Un éboulement dans la plus grande décharge d’ordures de l’Ethiopie, près de la capitale Addis Abeba, a provoqué la mort d’au moins 113 personnes, pour la plupart des femmes et des enfants qui vivaient et travaillaient là-bas pour survivre. L’Agence française de développement et la multinationale Vinci, qui devaient réhabiliter la décharge, sont pointées du doigt.
Les misérables contemporains…
La décharge de Koshe est depuis plus de 40 ans le lieu principal d’entreposage des ordures de la capitale aux 4 millions d’habitants, Addis Abeba. Véritable montagne d’ordures de 30 hectares, elle est également le lieu de travail de toute une frange de la population en situation d’extrême pauvreté. On les appelle les waste pickers ou les « chiffonniers », gagnant leur vie à fouiller les déchets en quête de matières recyclables ou réutilisables, et vivant parfois même sur place. Des témoins affirment alors avoir vu, mercredi 11 mars, un flanc de la principale montagne de déchets se détacher subitement, emportant dans sa chute les habitations de fortune accolées ainsi que de nombreux chiffonniers qui étaient en train de travailler. Le bilan est à ce jour de 113 victimes, et le gouvernement éthiopien a annoncé un deuil national de trois jours.
Deux sons de cloche
S’il est difficile de connaitre la cause exacte de cet éboulement, des accusations ont été portées contre des entreprises – apparemment chinoises – qui avaient entrepris la construction d’une unité de génération « biogaz ». Ces travaux impliquaient d’aplanir le sommet de la montagne d’ordures et auraient pu accentuer la pression sur les flancs de celle-ci et mener au détachement du flanc. Cependant le porte-parole du gouvernement a rejeté ces accusations et porté la faute sur l’activité même de ces chiffonniers qui creusent la montagne d’ordures. Il a par ailleurs souligné que le gouvernement a à plusieurs reprises demandé l’évacuation de la décharge, sans succès. Il semble que le choix entre ces deux versions des faits soit vite fait, et qu’il est hypocrite de la part du gouvernement de plaider l’innocence sous prétexte qu’il avait demandé l’évacuation de la décharge ; quelle solution de recours était proposée aux chiffonniers ? Comment auraient-ils pu subvenir à leurs besoins sans ce travail dangereux et misérable ?

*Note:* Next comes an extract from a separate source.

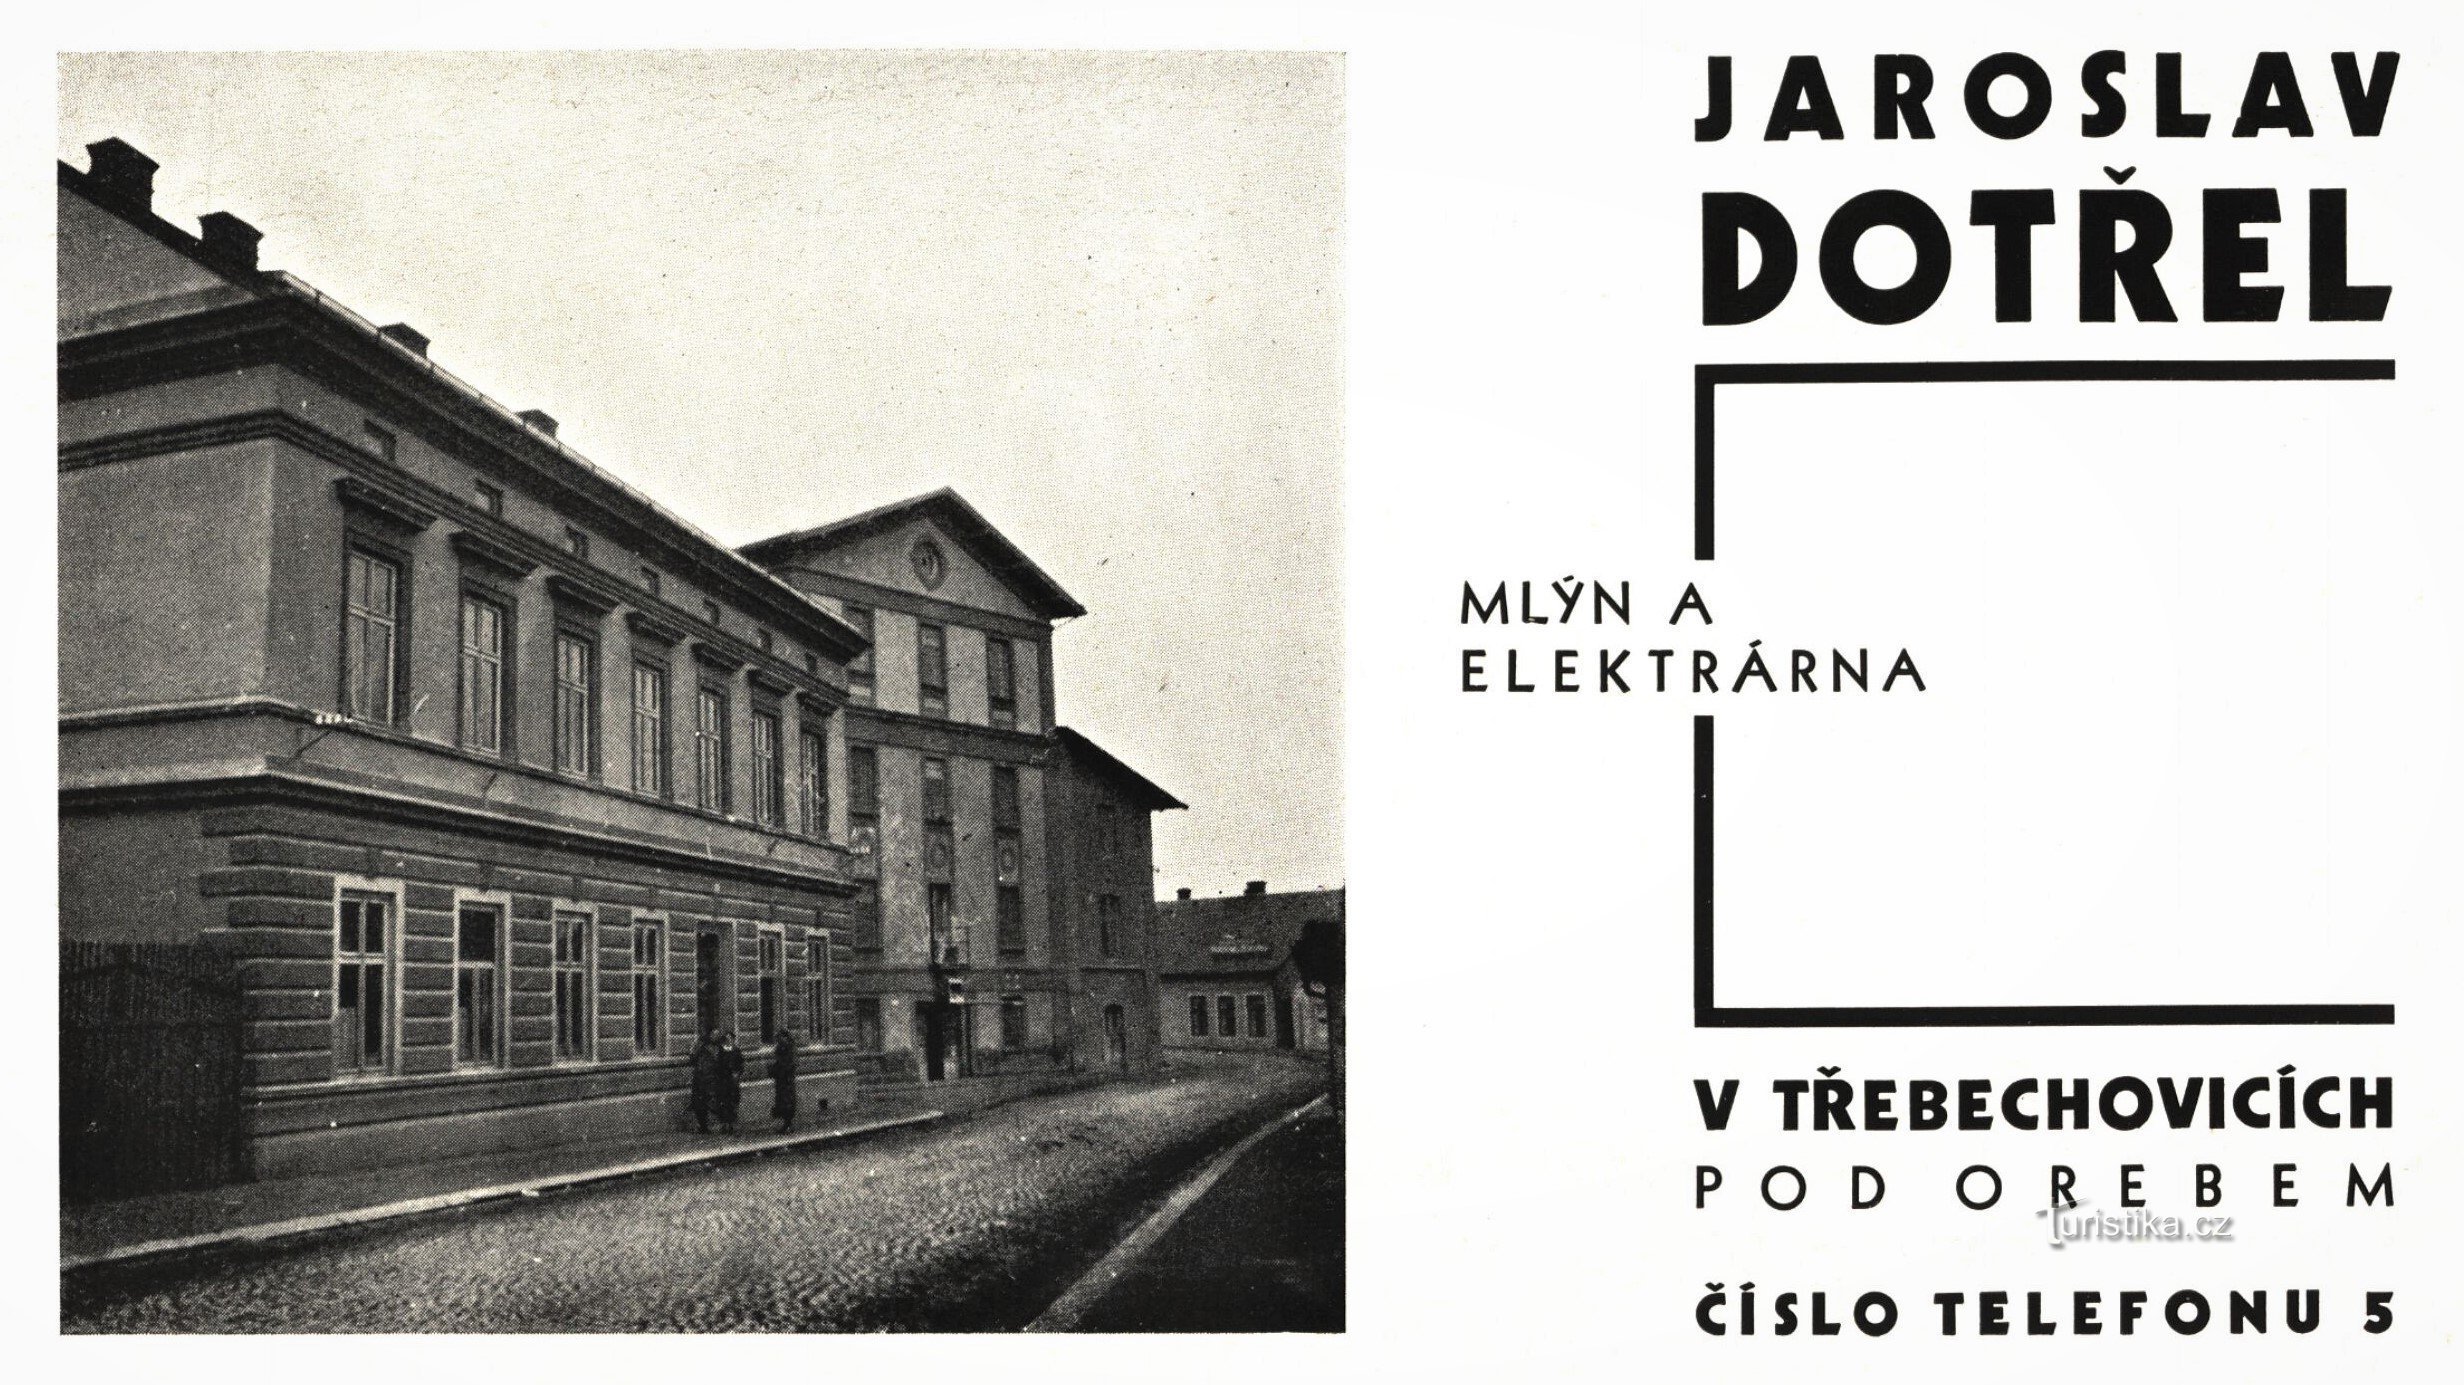 Епохальна реклама мірошника Ярослава Дотреля (1934)

L’AFD favorise les entreprises ?
Un article publié par multinationales.org souligne également la responsabilité de l’Agence française de développement (AFD) dans cette catastrophe. Elle constate que l’AFD avait accordé un prêt de 20 millions d’euros à l’entreprise française Vinci pour construire une « nouvelle infrastructure de stockage », soit, une nouvelle décharge. Ainsi, les ressources de l’AFD profitaient avant tout aux multinationales françaises, et non pas directement aux populations locales. Même s’il est louable de vouloir construire une nouvelle infrastructure de gestion des déchets plus décente, le problème humain des conditions de vie de ces travailleurs auraient bien évidemment dû être une priorité. L’AFD avait également précisé avoir « soutenu la réhabilitation de 19 hectares sur les 30 que compte le site de Koshe, permettant un nettoyage total préalable à sa fermeture ».
Un modèle coopératif est possible et souhaitable
Pour Flore Berlingen, directrice de Zero Waste France, une autre approche est possible. Plutôt que de favoriser les grandes entreprises en leur accordant des prêts aux montants pharaoniques pour la construction de nouvelles infrastructures (dont elles seront les premières bénéficiaires et non les populations dans le besoin), Flore Berlingen propose de travailler avec ces waste pickers pour construire ensemble des solutions adaptées et responsables. Ce modèle a d’ailleurs déjà fait ses preuves, ne serait-ce qu’à San Francisco, la première ville « zéro déchet » au monde, où l’entreprise chargée de la gestion des déchets est elle-même issue d’une coopérative de chiffonniers créée en 1921.